Tahaab> It hasn’t been an easy year. We have to empathise with our clients when showing them the value of creativity i.e. its effectiveness. They have short-term goals and targets that they need to achieve to ensure their job security and their growth as individuals. So, we should help them achieve those goals and targets. By doing so and earning their trust, in parallel, we need to also work with them and nudge them along towards the long-term i.e. the endless immensity of the sea. Because a crisis also provides opportunities to learn and get better.

On an industry level, a recent report shows that 47% of sales contribution comes from the creativity and emotion of the marketing – the single biggest factors. So, while #SocialMediaChallenges or data-driven targeting or social content might be relevant and cool - and achieve short-term, short-sighted metrics - we need to remind brands about their value as brands when they earn a meaningful role in people’s lives.

Research proves that the more people find a brand meaningful, the more they buy from it. This past year has taught us the importance of a meaningful role vs. the oft-ruminative brand purpose. “Purpose” has often (wrongfully) been construed to be about changing the world. A meaningful role (rightfully) gears us to think how we can help people, every day, in their lives through what we do as a brand. This means not just an active role of the brand but also an active role of the product. 

In the world ahead, brands are going to have to help people live a better life every day through products, services, experiences, partnerships, new channels, across their ecosystem. Living up to the brand’s meaningful role in everything a brand does is not just a nice-to-have anymore. It’s a business imperative. 

LBB> The awards landscape has changed dramatically over the past year. What are your thoughts on the future of awards?


Tahaab> Awards matter. In any industry, awards serve two purposes. They recognise performance and achievements of teams and individuals. And importantly, they set the path for what’s ahead. 

In our industry, award shows have increasingly been seen to introduce new categories that help point the industry towards where it should be heading. And it’s encouraging to see categories involving commerce, esports, data, strategy, entertainment emerge. It’s great to see categories like print and posters reduce in their number of entries because they are just not as relevant anymore - except at award shows. 

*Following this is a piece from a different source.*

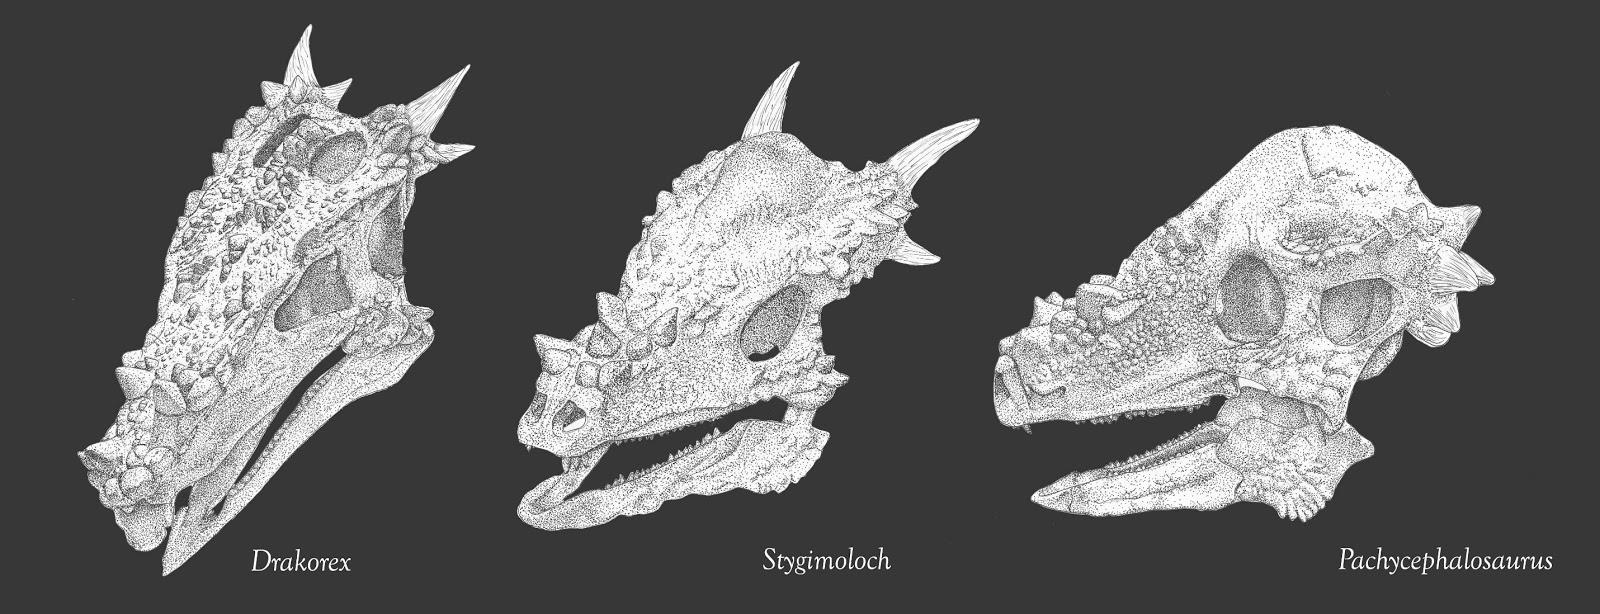 Evolutionary Vertebrate Zoology March 2013

So, my hope for award shows in the very near term, is to continue to be the goalposts for the industry. Challenge us by reducing (and even eliminating) categories that are just not relevant to today’s constantly evolving world. Inspire and guide us by introducing categories that are relevant and meaningful, so we can create more work that matters. 

LBB> What advice do you have for creatives looking to create award-winning work of the future?

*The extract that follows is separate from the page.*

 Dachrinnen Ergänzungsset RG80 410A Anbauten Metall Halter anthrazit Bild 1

Tahaab> Firstly, don’t aim to do great work to win awards. Aim to do great work to make a statement for brands, to stand up for people and to help people, and to influence culture. And the awards will come. Awards are and should always be seen as the result of great work, not the reason why great work is made. 

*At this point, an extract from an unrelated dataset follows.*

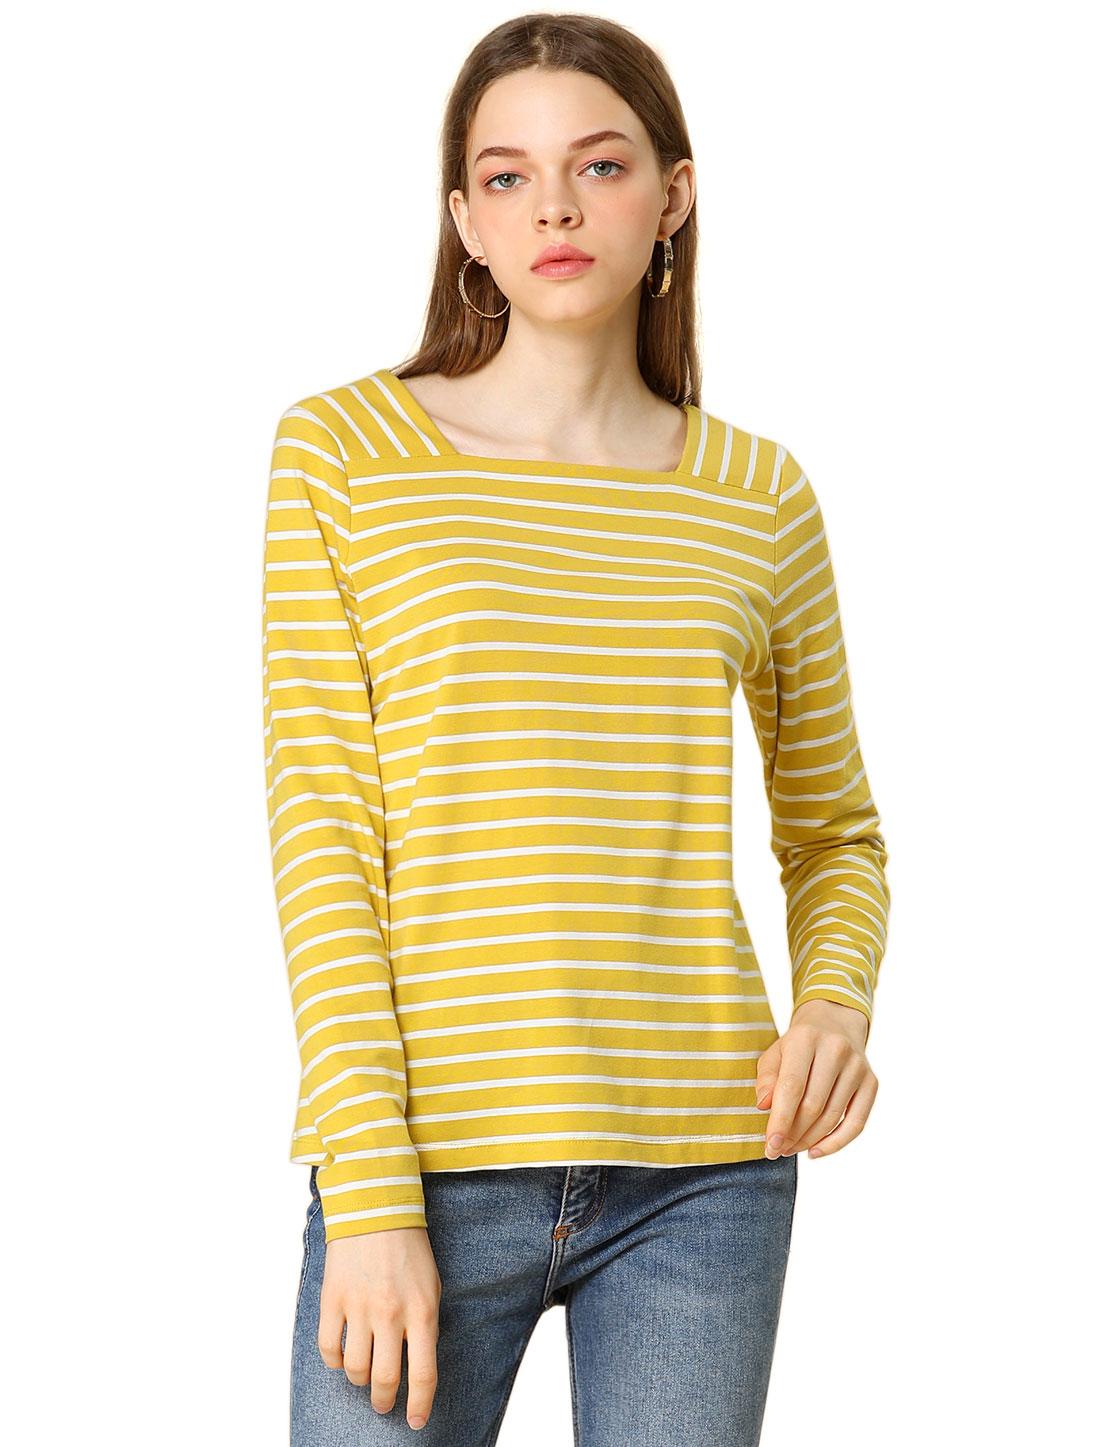 Allegra K Women's Long Sleeve Square Neck Striped T-Shirt Yellow XL

Secondly, look at the new categories being introduced by award shows. Use those categories to inspire the kind of creativity we need to achieve with our brands. I love categories such as creative effectiveness, creative data, creative business transformation, entertainment, creative e-commerce, gaming and the like that are being introduced into various festivals. If the creative industry produces more work that once done can be entered into those categories, then, we will all be in a much stronger space.

And thirdly, intend to do work that solves challenges for brands and their business. And if it’s for a cause, do it sincerely and sustainably. Anything else isn’t worth our creative talent nor our creative effort. 

LBB> Anything else you would like to add?


Tahaab> Great creative work is effective because it’s creative, and the most effective work is effective because it is creative. The two are seen differently, even today, across the industry. Let’s stop seeing them differently.